### PROBLEM TO SOLVE
Below, some lines carry pictures; leave those pictures out and retype exactly the lines from the one with "2 & 4 PCB Assembly for DA-250FH" through the one with "Free printable 2014".

### INFORMATION SUPPLIED
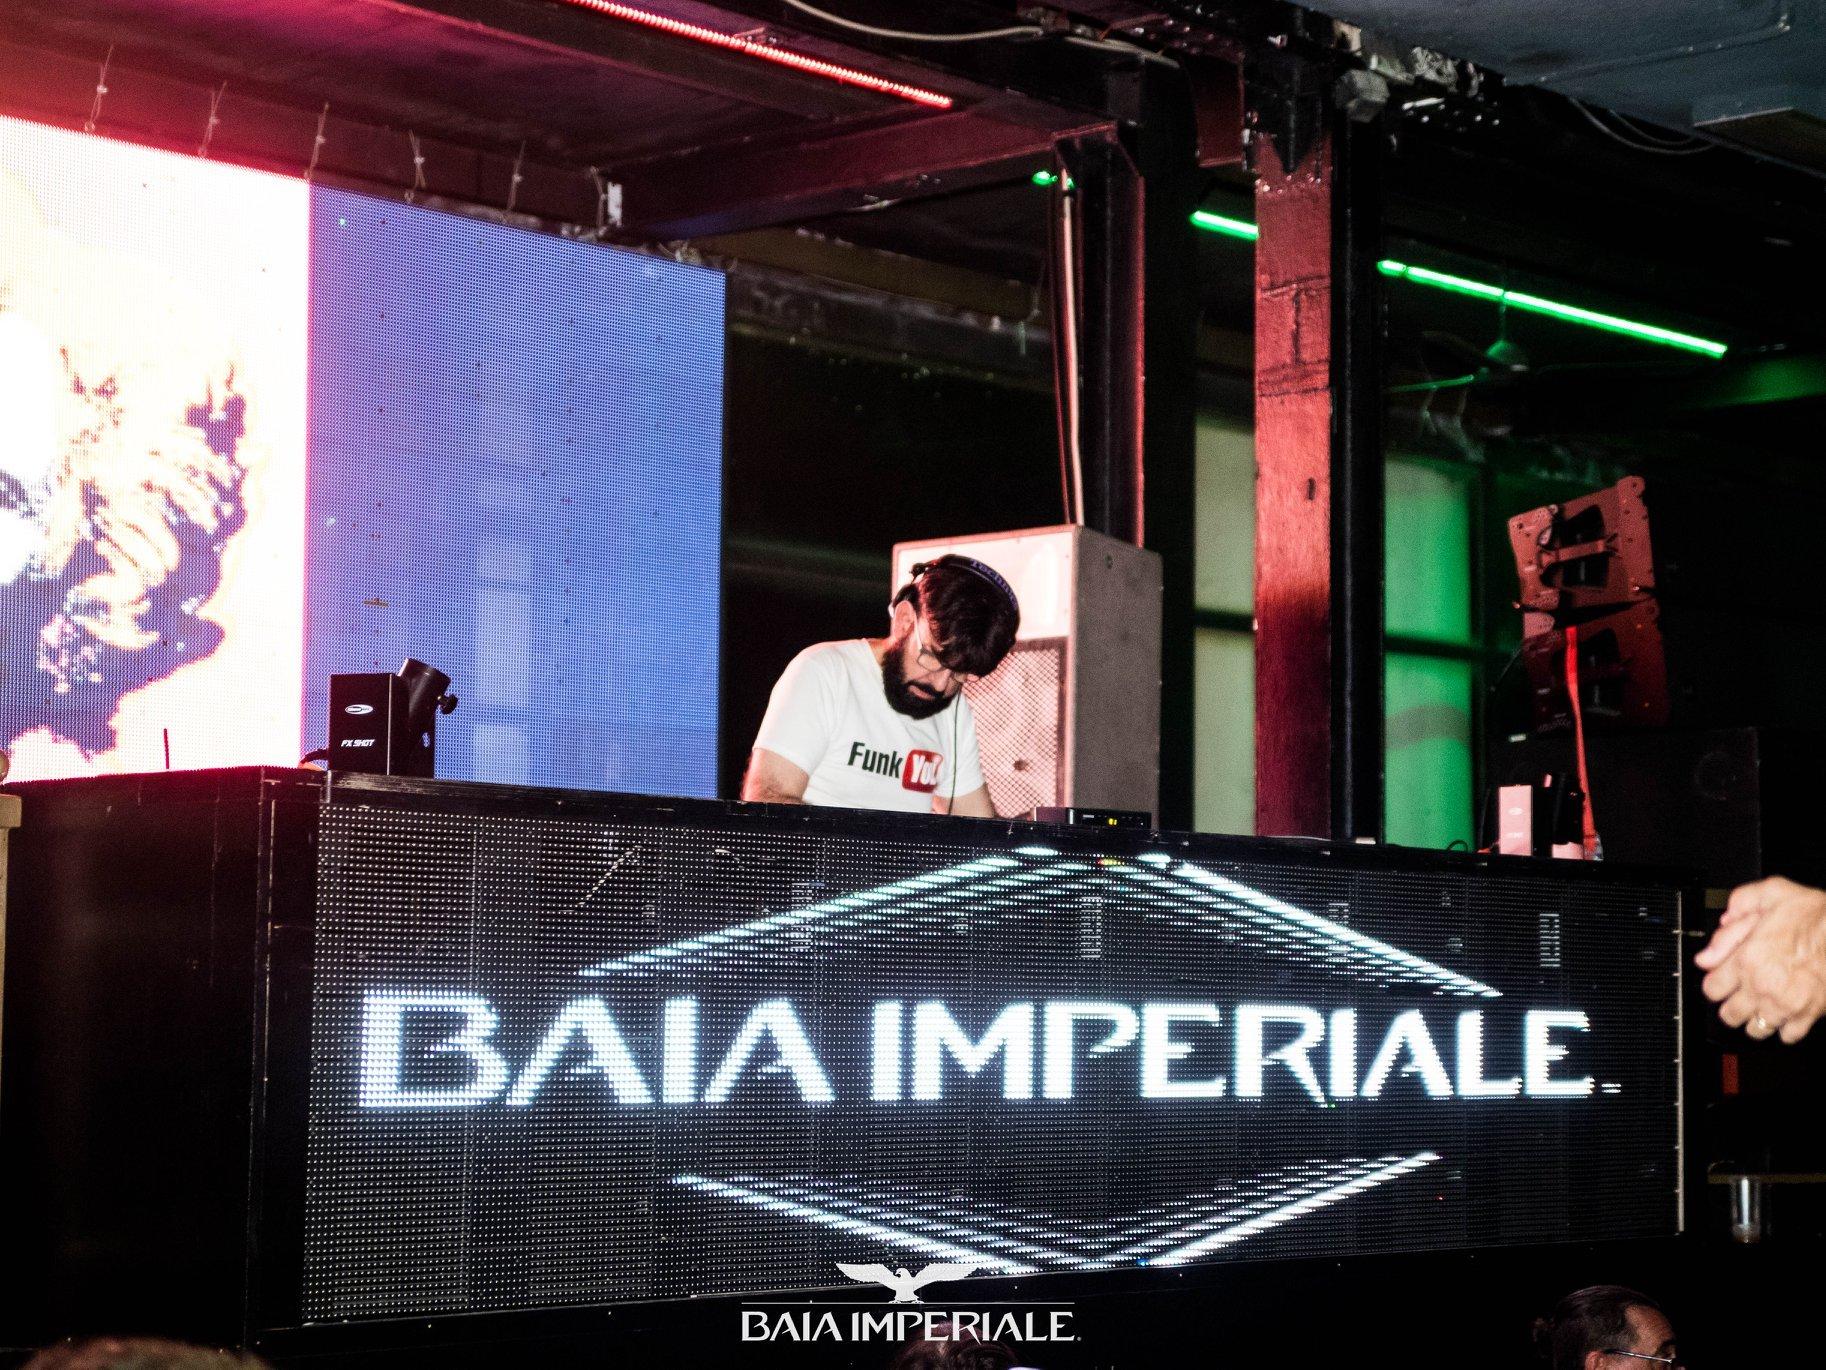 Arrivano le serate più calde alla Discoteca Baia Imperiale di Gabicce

...

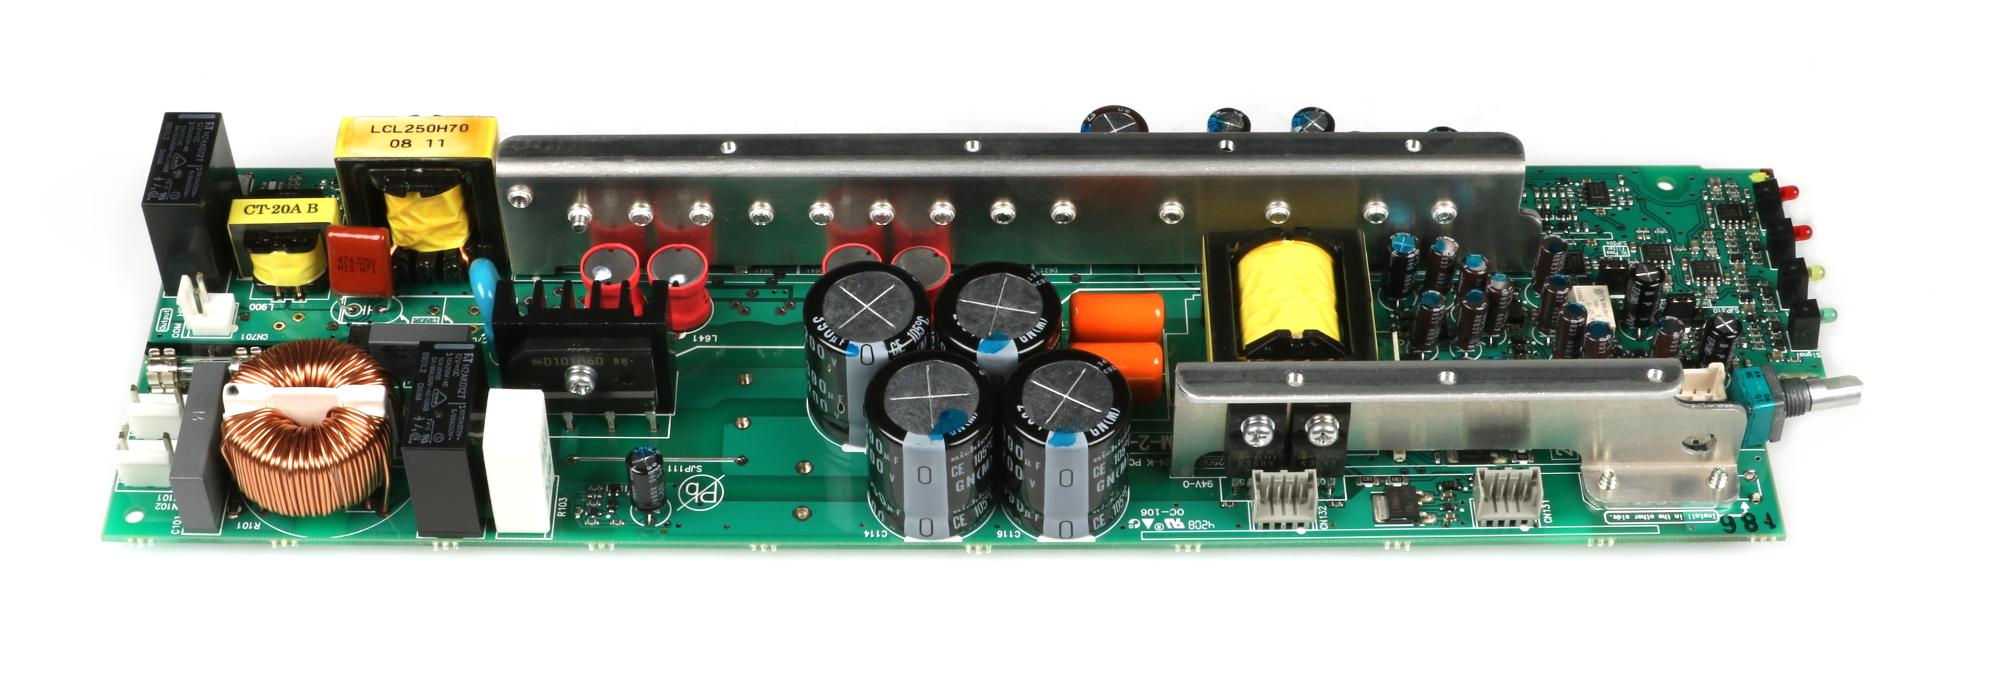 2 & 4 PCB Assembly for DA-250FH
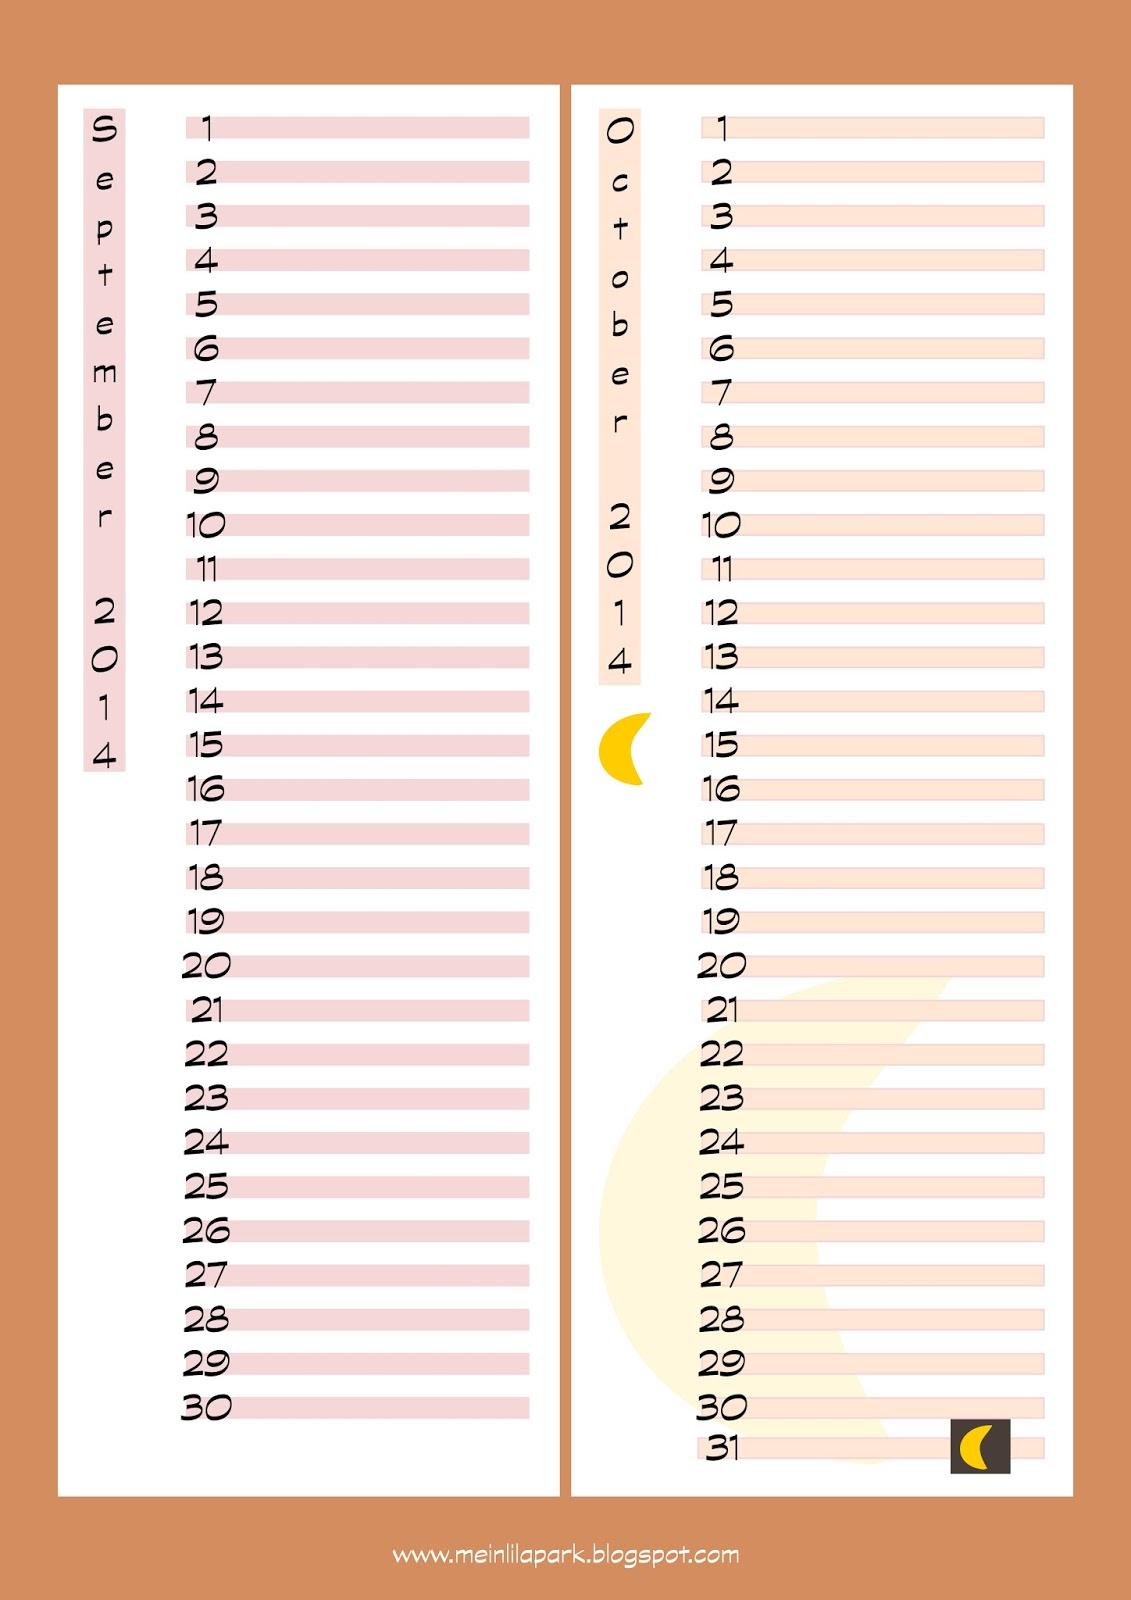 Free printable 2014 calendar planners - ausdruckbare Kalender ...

### RESULT FOR THIS EXERCISE
 2 & 4 PCB Assembly for DA-250FH
 Free printable 2014 calendar planners - ausdruckbare Kalender ...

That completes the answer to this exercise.